The Conwy Valley railway line passes through the community, which contains three railway stations: Pont-y-Pant, Dolwyddelan, and Roman Bridge. All three stations are request stops. After Roman Bridge the line enters the Ffestiniog Tunnel, which is 4 km long and passes beneath Moel Dyrnogydd before re-emerging shortly before Blaenau Ffestiniog railway station.

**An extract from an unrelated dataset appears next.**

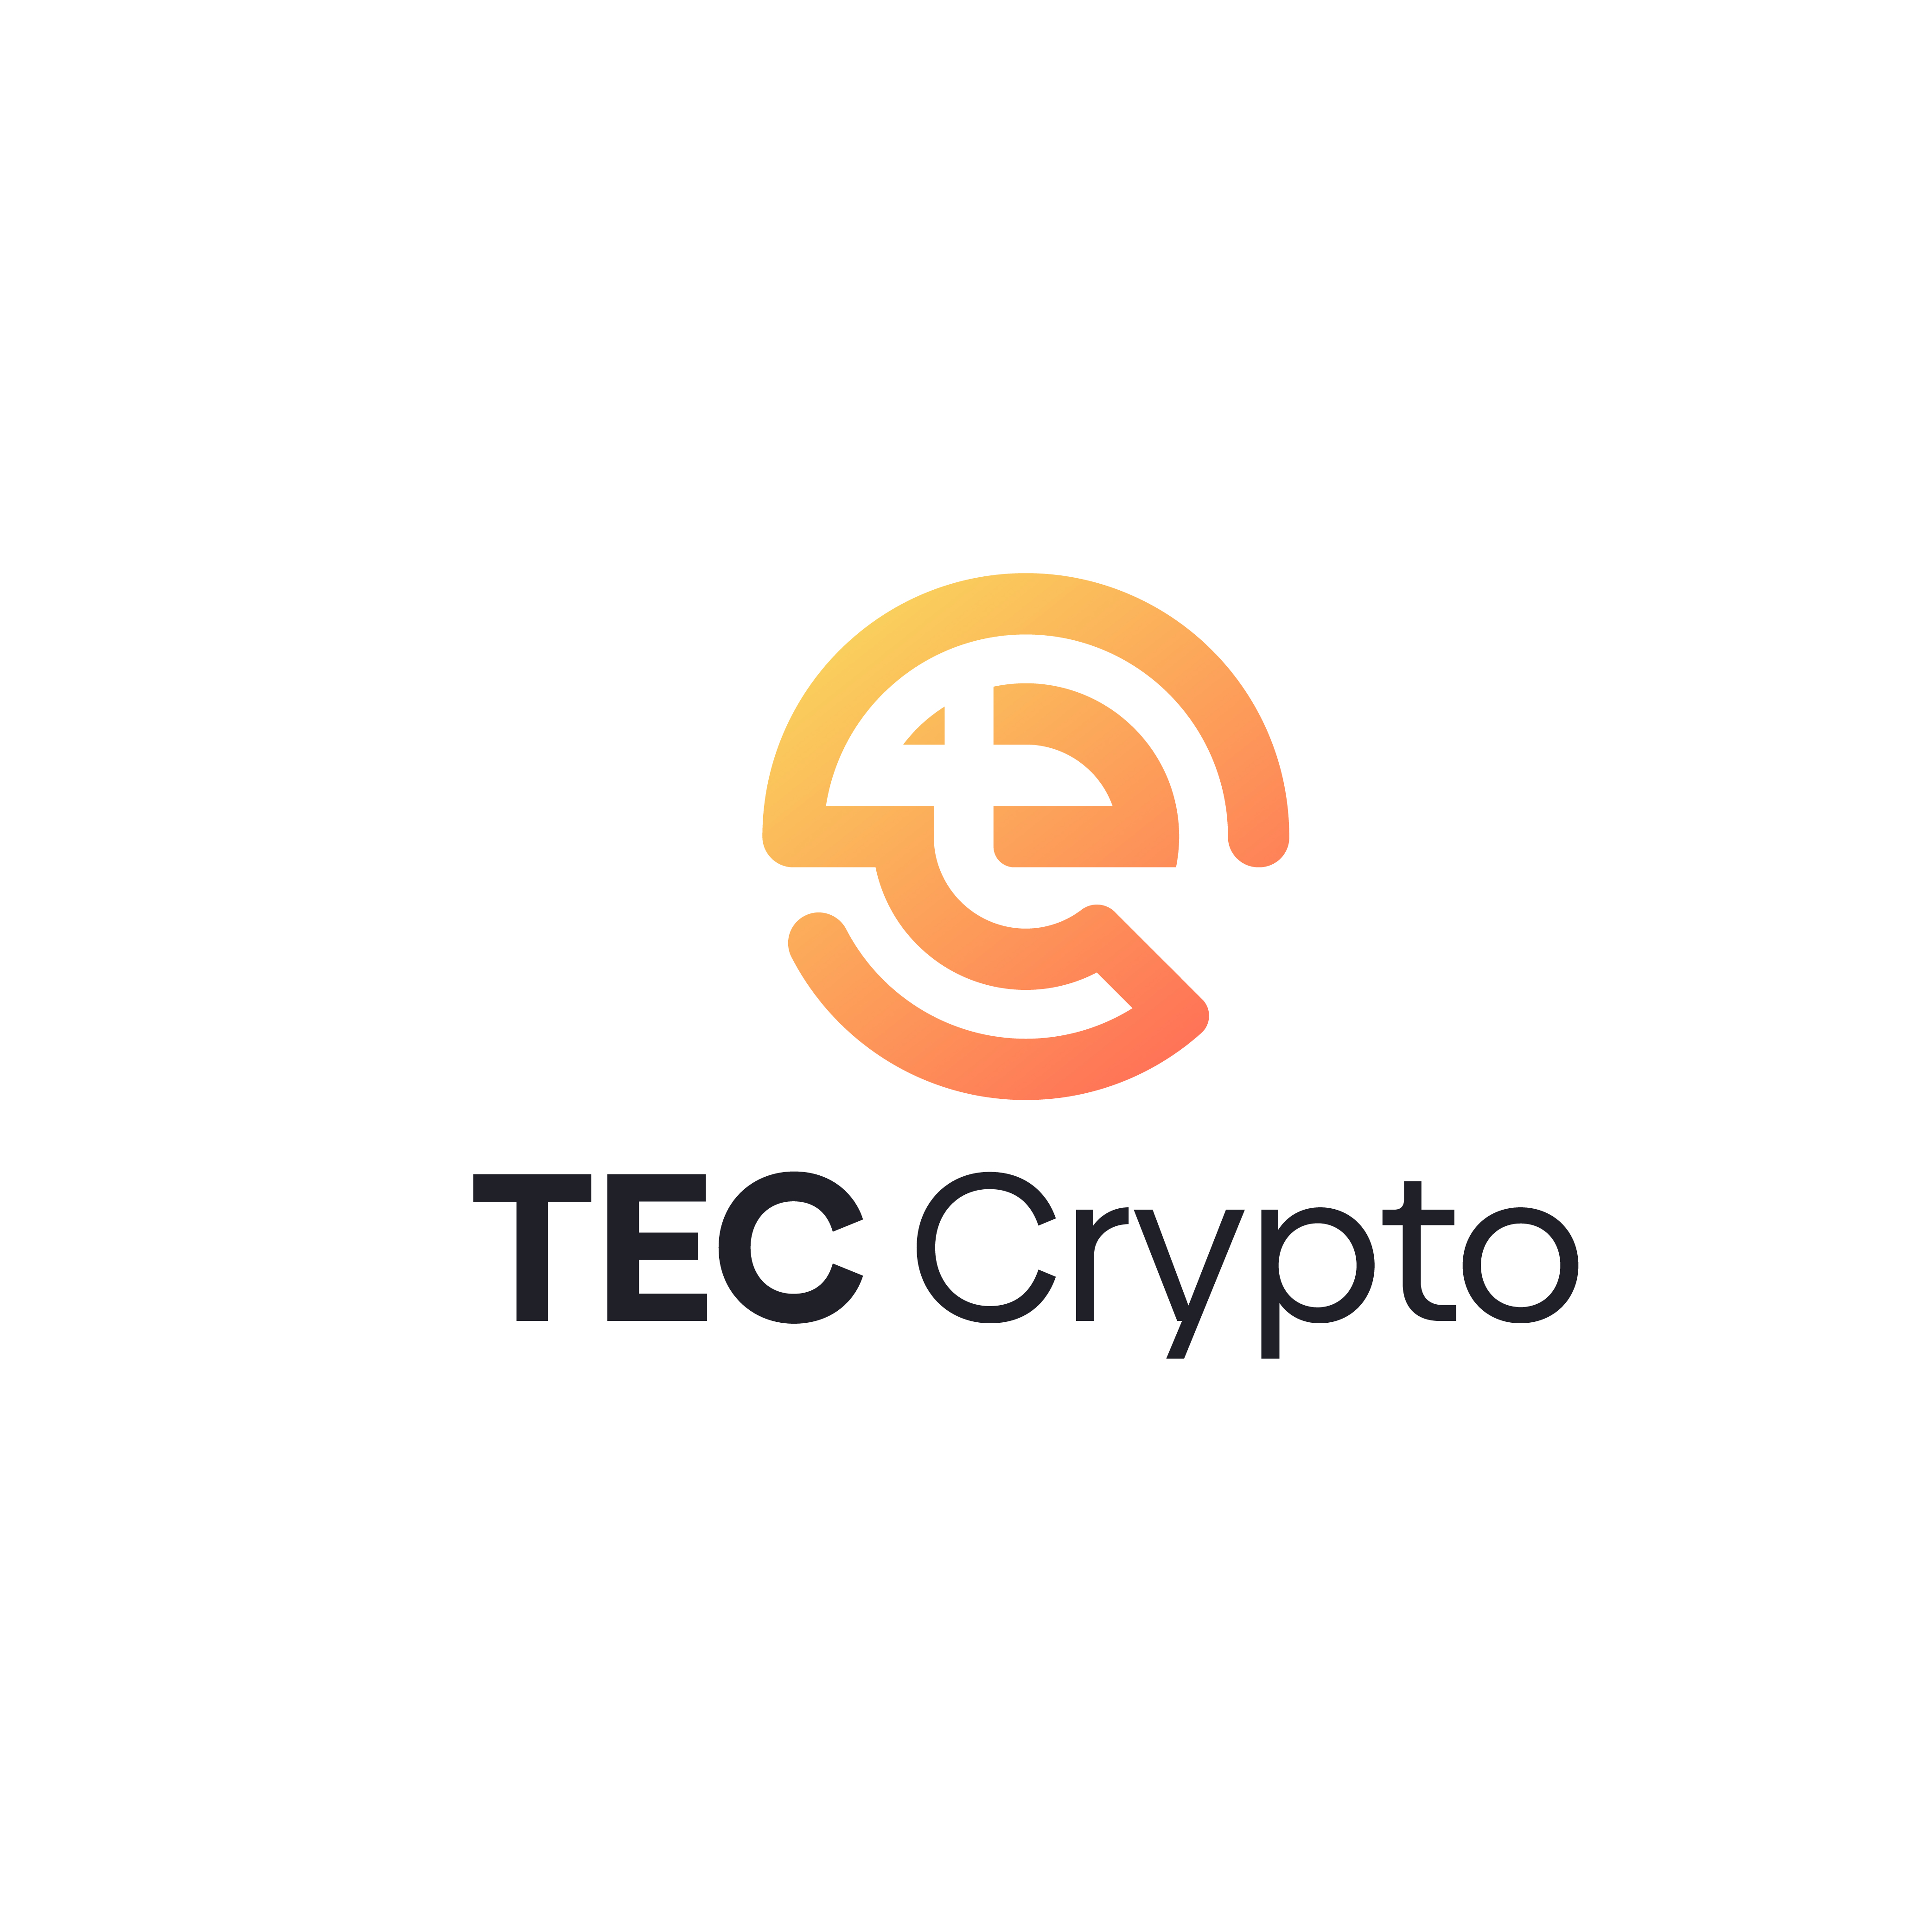 TecCrypto.com Gears Up for Bitcoin Halving - A Milestone Moment for the Mining Industry

Roman Bridge railway station is named after the nearby bridge, known as Pont Sarn-Ddu in Welsh, which is the original crossing point of the Afon Lledr on the Roman road from Blaenau to Dolwyddelan. It is possible that the bridge contains some medieval or earlier fabric, and the current stone roadway probably replaces a timber original. The main road through the valley is now the A470, which enters the community from the east and passes through Dolwyddelan before turning south and climbing over the Crimea Pass (Bwlch y Gorddinan) to Blaenau Ffestiniog.

==Governance==
Dolwyddelan has a community council, which meets six times per year in Dolwyddelan Community Centre. The community is part of the Betws-y-Coed and Trefriw ward of Conwy County Borough Council, which consists of the communities of Betws-y-Coed, Capel Curig, Dolwyddelan, and Trefriw and elects one councillor. In Senedd elections, which use an additional-member system, Dolwyddelan is part of the Aberconwy constituency and the North Wales electoral region. In the Parliament of the United Kingdom the community is part of the Bangor Aberconwy constituency.

==Notable residents==
- Paul Griffiths, playwright, writer, and theatre critic lived and worked in the village.
- Baron Gwydyr, the Earl of Ancaster, lived in the house which is now Elen's Castle Hotel.
- Angharad James, poet, lived in Cwm Penamnen, to the south of the village, most of her life and is buried in Saint Gwyddelan's church.
- Rachel Johncock, sprinter lives in the village; she represented Great Britain in the 2012 World Junior Championships in Athletics for the 100m and 4×100 m relay.
- Llywelyn the Great (ca.1173 – 1240) King of Gwynedd.
- Ellis Pierce, also known as Elis o'r Nant, was from Dolwyddelan.
- Eigra Lewis Roberts, writer, won two Prose Medals, National Eisteddfod Drama Crown and Medal. She was born in Blaenau Ffestiniog, and now lives in Dolwyddelan.
- John Jones, Talysarn, Welsh preacher was born in Dolwyddelan.
- Thomas Firbank, writer "I bought a mountain" and decorated soldier.